Extracting a number following specific text in R - regex

I have a data frame which contains a column full of text. I need to capture the number (can potentially be any number of digits from most likely 1 to 4 digits in length) that follows a certain phrase, namely 'Floor Area' or 'floor area'. My data will look something like the following:
"A beautiful flat on the 3rd floor with floor area: 50 sqm and a lift"
"Newbuild flat.

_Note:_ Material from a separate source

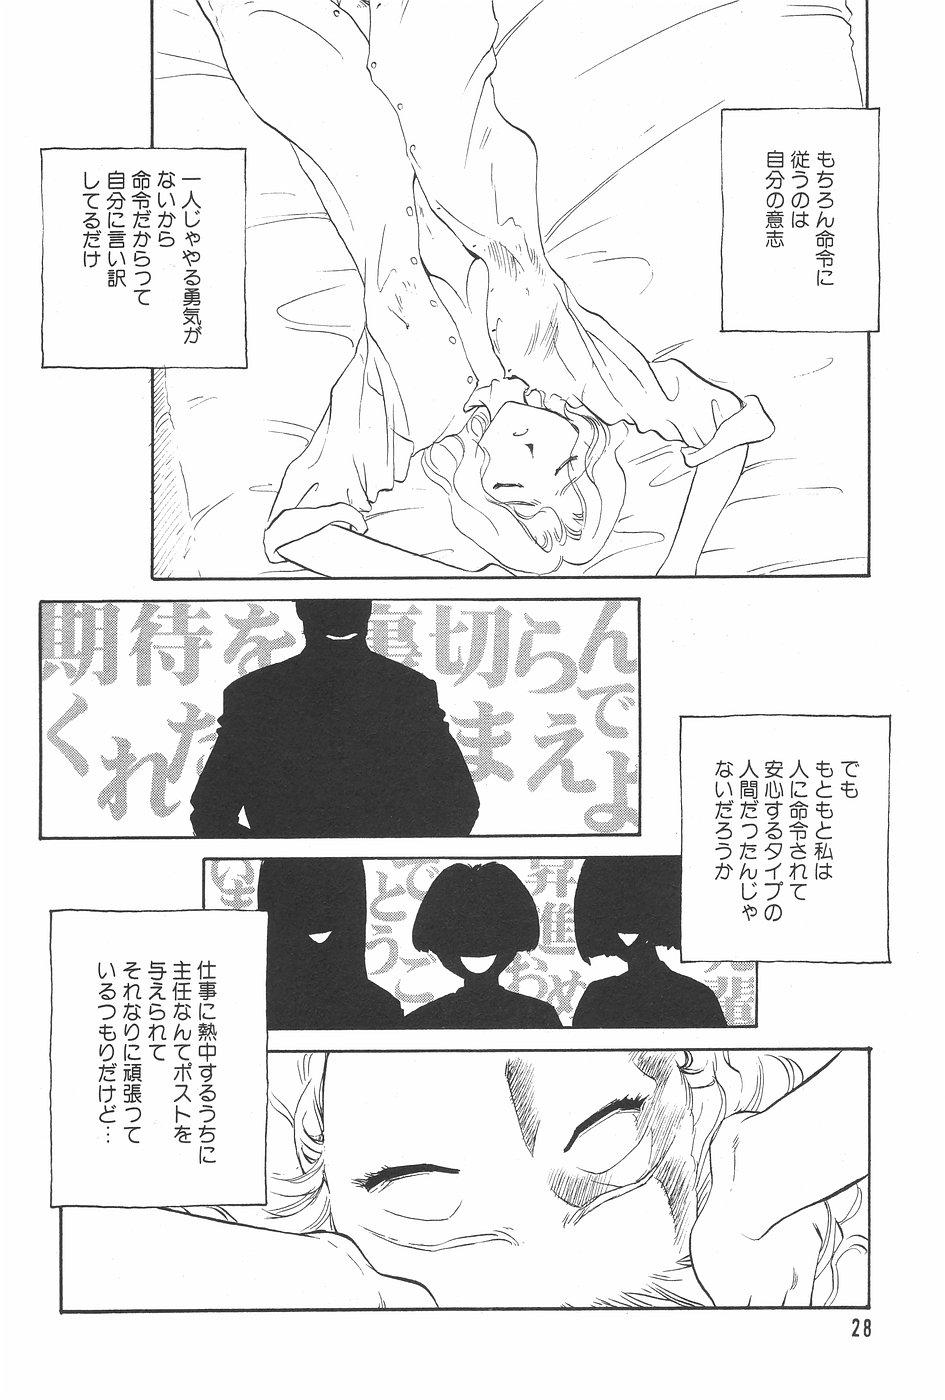 Manga Hotmilk 1997-07 27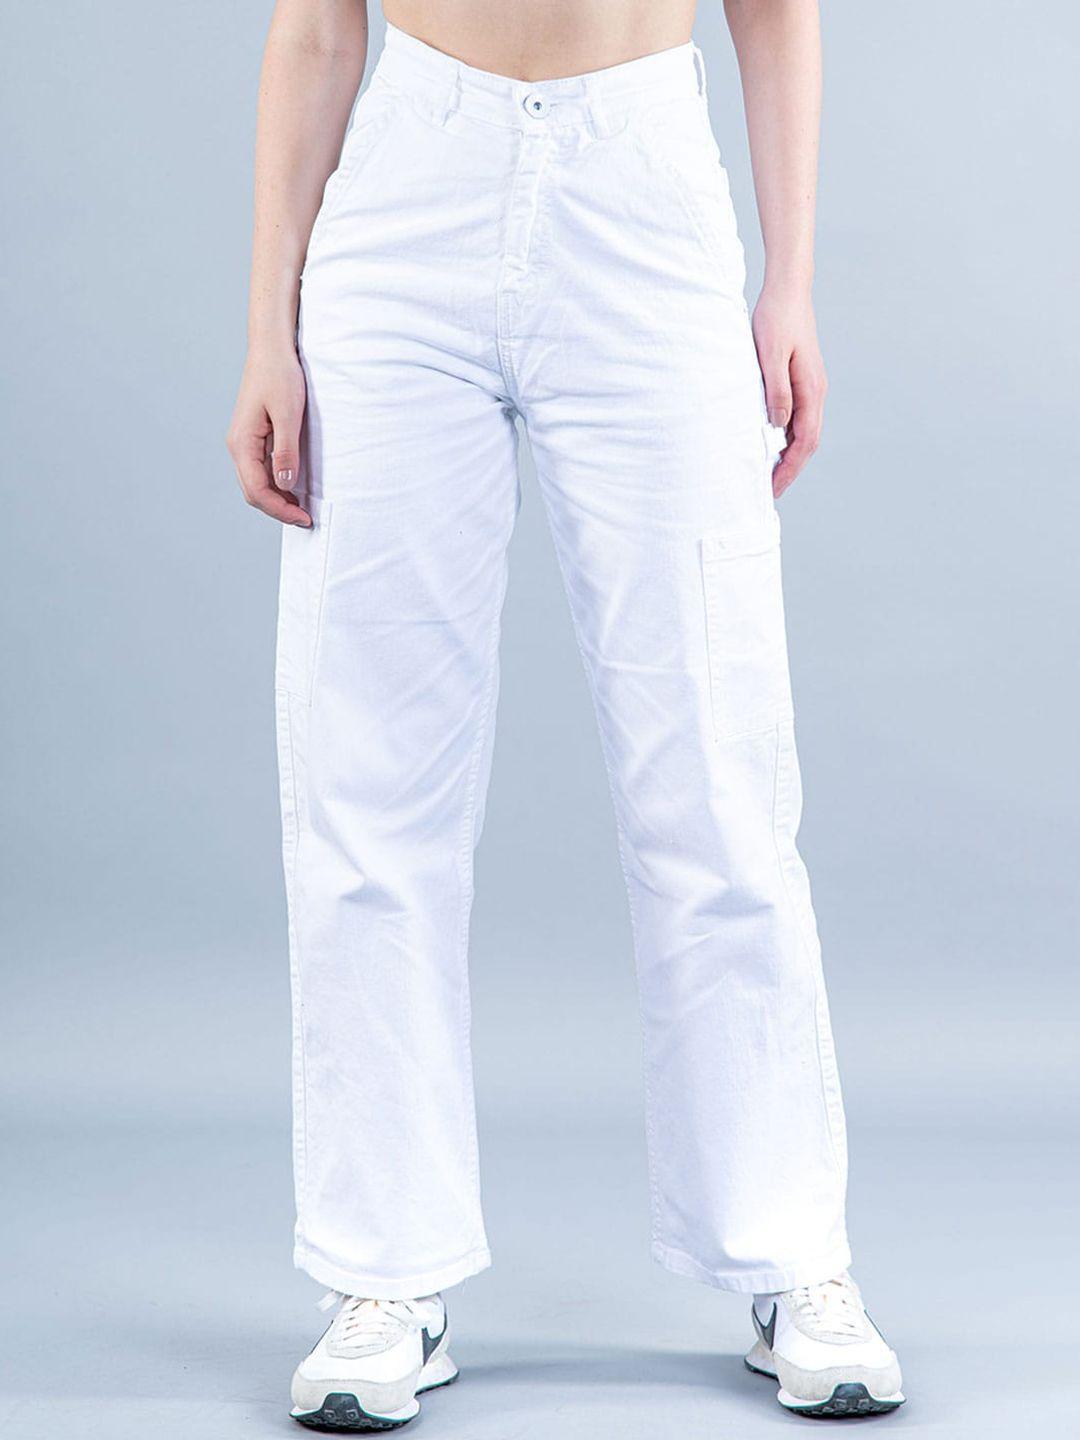 tistabene-women-comfort-clean-look-cotton-jeans

Floor Area: 30 sq.m"
"6 bed house with floor area 50 sqm, lot area 25 sqm"
If I try to extract just the number or if I look back from sqm I will sometimes get the lot area by mistake.If someone could help me with a lookahead regex or similar in stringr, I'd appreciate it. Regex is a weak point for me. Many thanks in advance.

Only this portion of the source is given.